Circular-Secure Encryption from Decision Diffie-Hellman.
Dan Boneh, Shai Halevi, Michael Hamburg, Rafail Ostrovsky
Abstract:
We describe a public-key encryption system that remains secure even encrypting messages that depend on the secret keys in use. In particular, it remains secure under a ``key cycle'' usage, where we have a cycle of public/secret key-pairs (\PK_i,\SK_i) for i=1...n, and we encrypt each SK_i under \PK_{(i \mod n)+1}. Such usage scenarios sometimes arise in key-management systems and in the context of anonymous credential systems. Also, security against key cycles plays a role when relating ``axiomatic security'' of protocols that use encryption to the ``computational security'' of concrete instantiations of these protocols. The existence of encryption systems that are secure in the presence of key cycles was wide open until now: on the one hand we had no constructions that provably meet this notion of security (except by relying on the random-oracle heuristic); on the other hand we had no examples of secure encryption systems that become demonstrably insecure in the presence of key-cycles of length greater than one.

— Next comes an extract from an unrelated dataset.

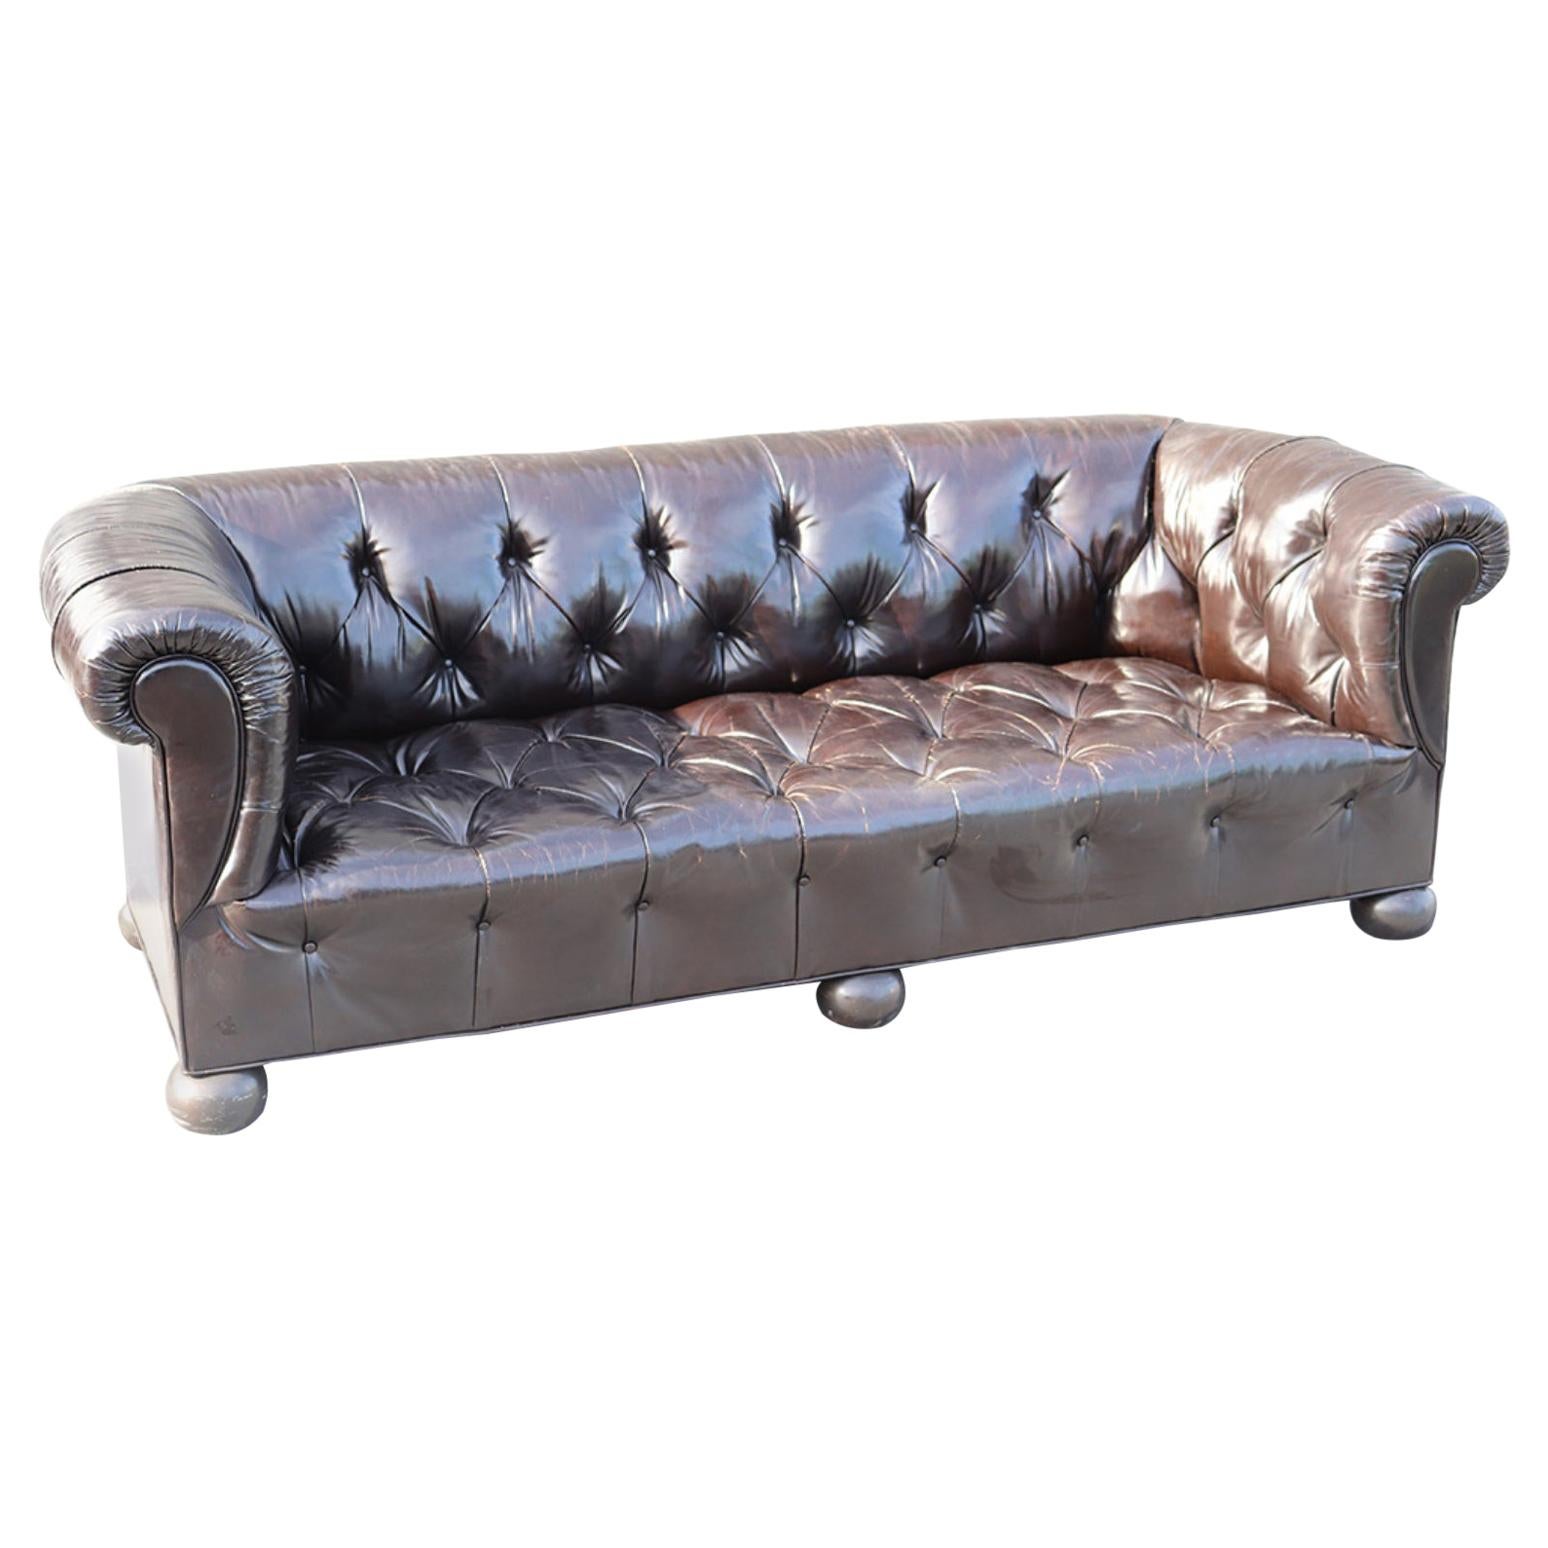 English Made Brown Leather Chesterfield Sofa

Here we construct an encryption system that is circular-secure against chosen-plaintext attacks under the Decision Diffie-Hellman assumption (without relying on random oracles). Our proof of security holds even if the adversary obtains an encryption clique, that is, encryptions of \SK_i under $\PK_j$ for all 1 =< i,j =< n$. We also construct a circular counterexample: a one-way secure encryption scheme that breaks completely if an encryption cycle (of any size) is published.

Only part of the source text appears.